Wenn das Kind im Heim ist, dann ist es relativ einfach, weil insgesamt lediglich 26 Euro an Kosten anfallen.
Bei der Grundsicherung werden die Bruttolöhne der Angehörigen, also Mutter, Vater, Geschwister (evtl. Kinder, sofern es sich um alte Menschen handelt) verrechnet. Dieser Betrag muss unter 100 000 Euro liegen. Ob zusätzlich ein Unterhaltsanspruch des Kindes gegenüber Vater UND Mutter besteht, kann ich Dir leider nicht genau sagen, aber vielleicht findest Du unter http://www.papa.com/paPPa-Forum/ weitere Informationen.
Ciao,
Wolfgang
P.S.: Zum Thema "volljährig und Unterhalt" schau mal unter http://www.kanzlei-doehmer.de/Vollj_29.htm
Zitat[/b] ( @ --)]
Hallo Wolfgang,
danke fuer die Antwort.
Du schreibst:
"offen gestanden kenne ich mich nicht so gut auf dem Gebiet aus, aber ab 18 Jahre entfällt - soweit ich weiß - die Trennung in Barunterhaltspflicht (also Unterhalt) und Betreuung, und es muss zwischen beiden Eltern neu verhandelt werden."
Das ist alles klar. Aber wenn ein beh. 18 jaehriger im Haushalt der Eltern oder nur eines eines Elternteils lebt, dann kann man ja schlecht davon sprechen, dass keine Betreuung mehr notwendig ist.
Es haette ja sein koennen, dass da einer genaueres weis.
Danke,
Hans
Hallo Hans,
deine Frage ist einfach zu beantworten, denn wenn t a t s ä c h l i c h Unterhalt gezahlt wird, dann stellt dies Einkommen des Kindes dar.
Der Unterhalt selbst kann aber nicht gefordert werden, solange dein Jahreseinkommen unter 100.000 € liegt.
Wie lange geht Deine Tochter denn noch zu der Förderschule? Meine Stieftochter besucht zurzeit auch noch eine Förderschule. Sie ist im Dezember 2003 18 Jahre alt geworden. Sie erhält nun rückwirkend eine Grundsicherungsrente, der von meinem Mann geleistete Unterhalt wurde davon abgezogen. Nach Beendigung der Schule wird sie in einer beschützenden Werkstatt arbeiten. Wir brauchen dann keinen Unterhalt mehr zu zahlen.
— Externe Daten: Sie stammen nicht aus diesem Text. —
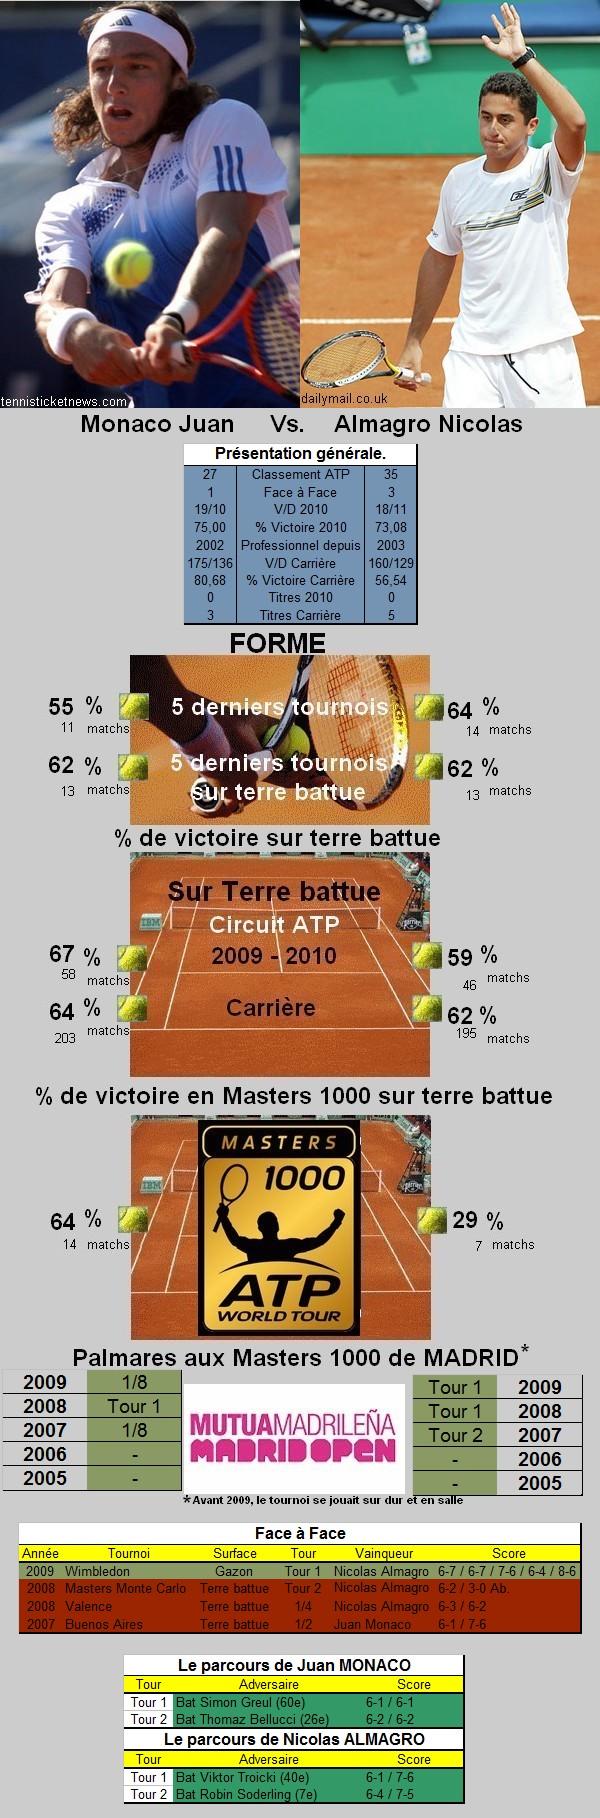 Statistiques tennis de Monaco contre Almagro à Madrid

Der dann vorher abgezogene Unterhalt wird der Grundsicherungsrente dann wieder zugeschlagen. Es muss lediglich ein neuer Antrag mit den veränderten Einkommensverhältnisses abgegeben werden.
Ich hoffe, ich konnte Dir helfen.
Beste Grüße
Olympia
Olympia,
Danke für die Info, man erfährt ja sonst wenig über das Thema.
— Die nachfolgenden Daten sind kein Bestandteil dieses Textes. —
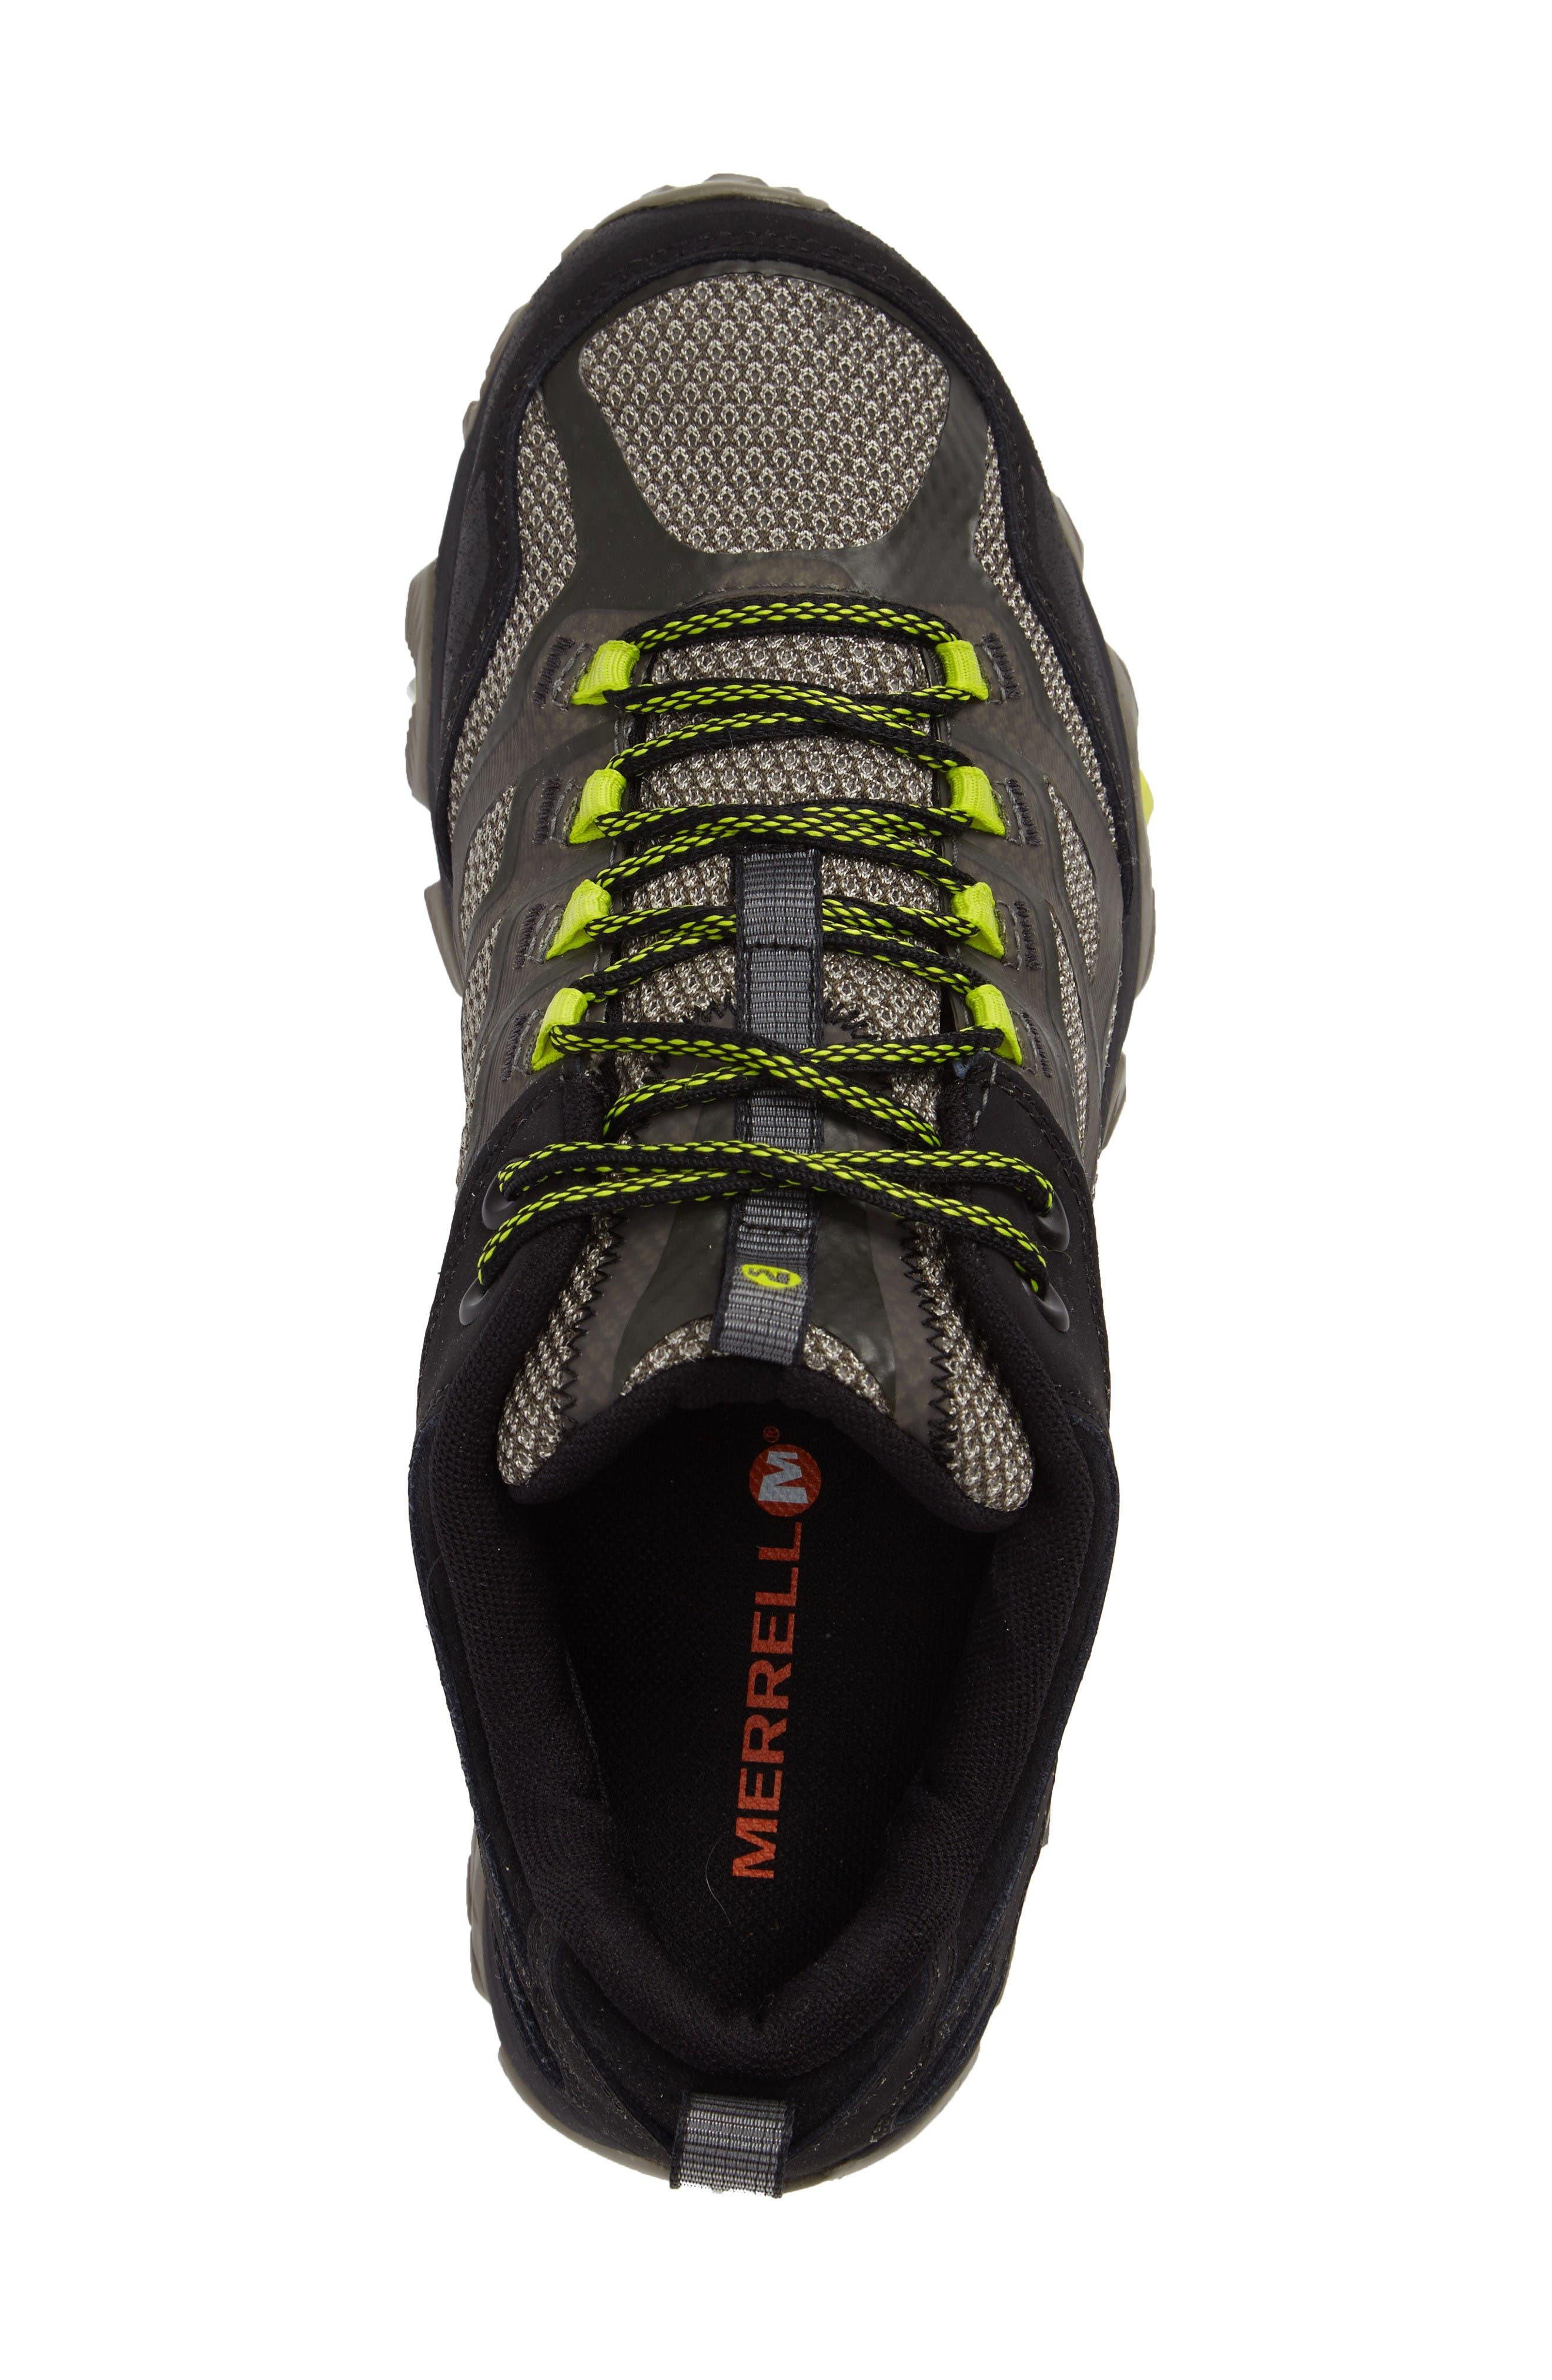 Alternate Image 3  - Merrell Moab FST Waterproof Hiking Shoe (Men)

Sohn geht noch bis Anfang 2005 zur Förderschule.
Deine Stieftochter wohnt bei euch oder bei der Mutter?
Hat sich die Mutter ab Volljährigkeit auch am Unterhalt beteiligt?
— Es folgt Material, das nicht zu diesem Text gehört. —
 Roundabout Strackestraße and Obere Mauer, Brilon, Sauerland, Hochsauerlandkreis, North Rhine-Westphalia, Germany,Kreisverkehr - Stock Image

Leider ist das Verhältnis zu meiner Ex nicht besonders, als das man diese Fragen in Gelassenheit und im Einvernehmen regeln könnte. Schade drum.
Hans
Hallo Hans,
meine Stieftochter wohnt bei ihrer Mutter. Die Mutter hat sich nicht am Barunterhalt der Tochter beteiligt. Wir haben aber auch nicht darauf gepocht, weil wir keinen Stress mit ihr wollten. Das Verhältnis zur Ex ist auch nicht gut. Mit Volljährigkeit des Kindes haben wir allerdings das hälftige Kindergeld von der Unterhaltszahlung abgezogen (77 Euro). Hätte Sie dann gemeckert, hätten wir auf Neuberechnung unter Einbeziehung ihres Einkommens bestanden. Sie hat es aber so hingenommen und deswegen haben wir die letzten Monate bis die Förderschule zu Ende war (diesen Monat) die monatliche Unterhaltszahlung geleistet. Dies auch darum, weil meiner Stieftochter quasi angedroht wurde, sie in ein Heim unterzubringen. Da unsere Unterhaltszahlungen weiterliefen und sie jetzt die Grundsicherungsrente bekommt, "darf" sie bei ihrer Mutter wohnen bleiben. Ob das so gut ist, wird sich noch herausstellen.